**Your task:**
What you give back must match the data exactly, minus the pictures.

**Data below:**
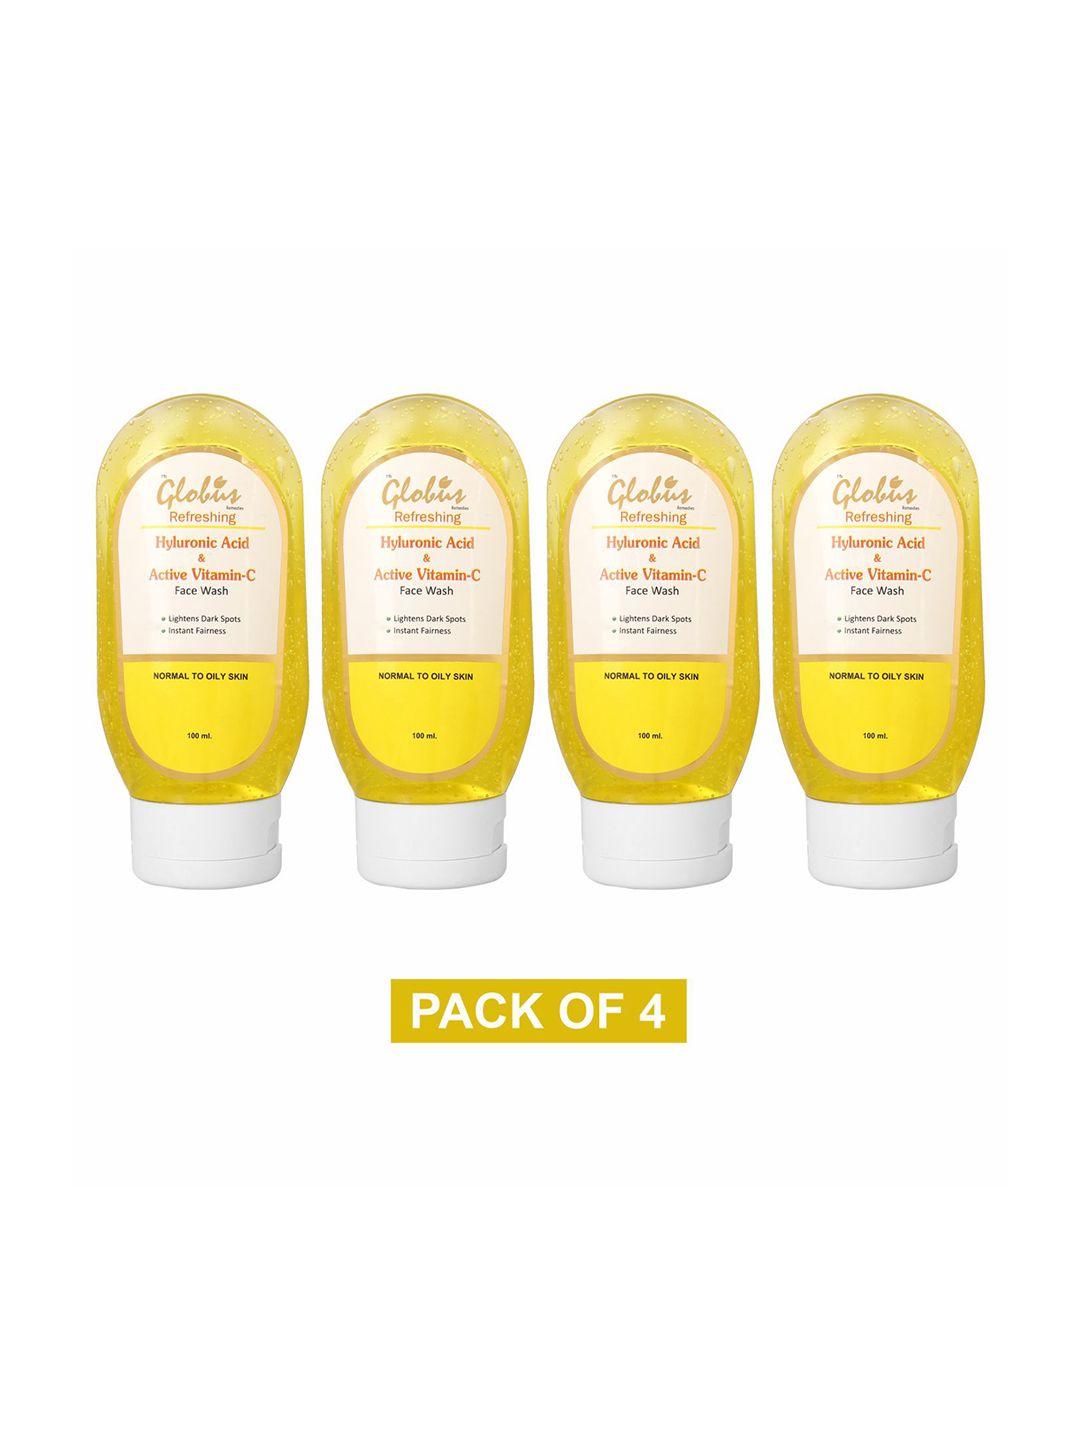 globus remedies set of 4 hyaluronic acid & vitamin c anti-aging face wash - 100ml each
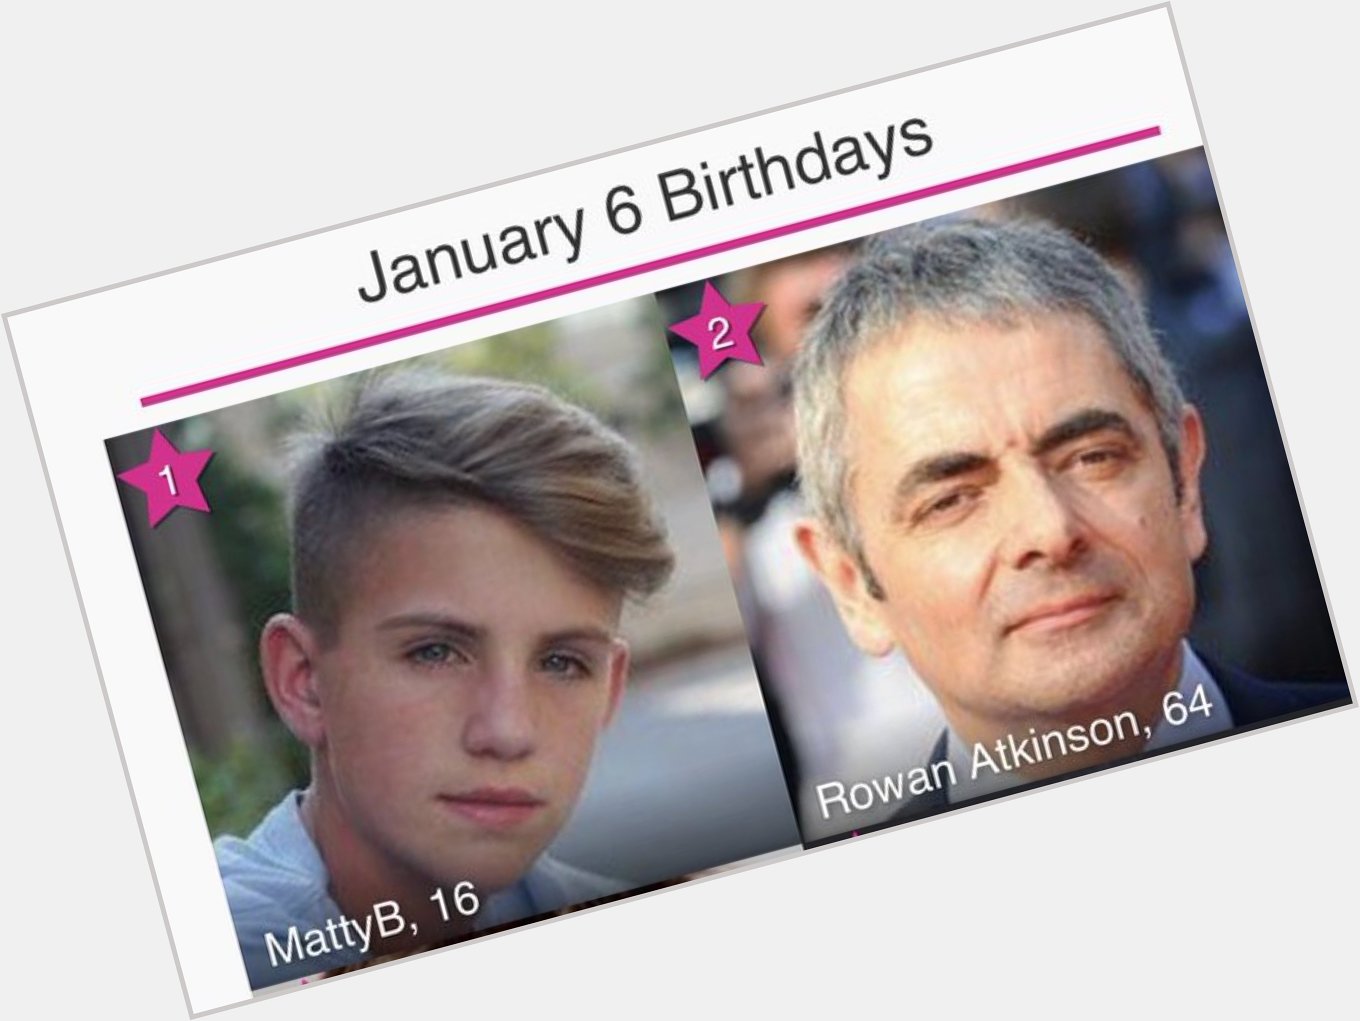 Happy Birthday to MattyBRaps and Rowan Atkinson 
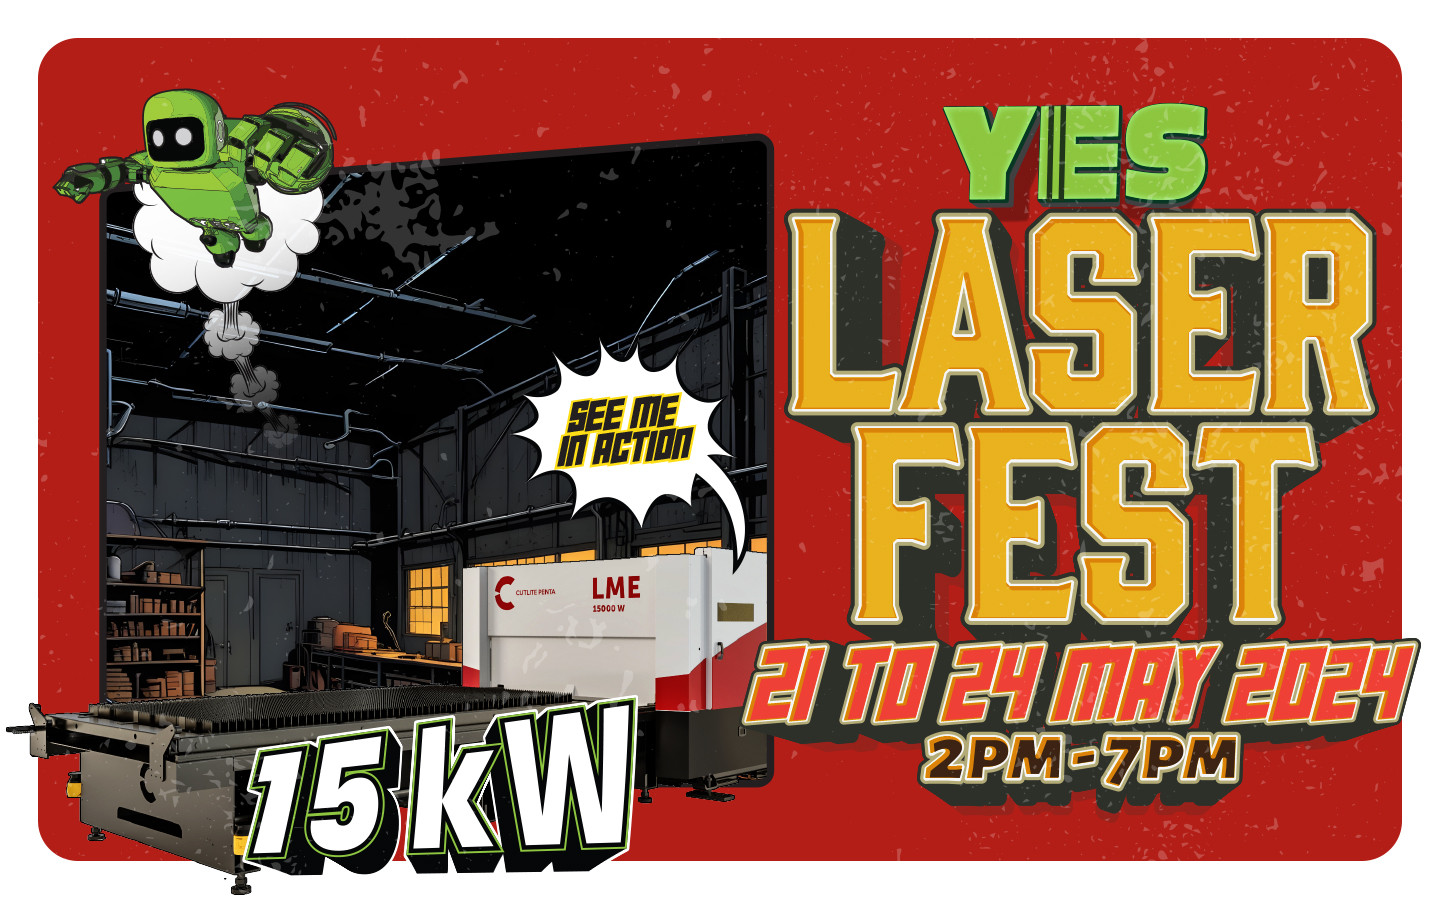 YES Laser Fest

**Written answer:**
 globus remedies set of 4 hyaluronic acid & vitamin c anti-aging face wash - 100ml each
 Happy Birthday to MattyBRaps and Rowan Atkinson 
 YES Laser Fest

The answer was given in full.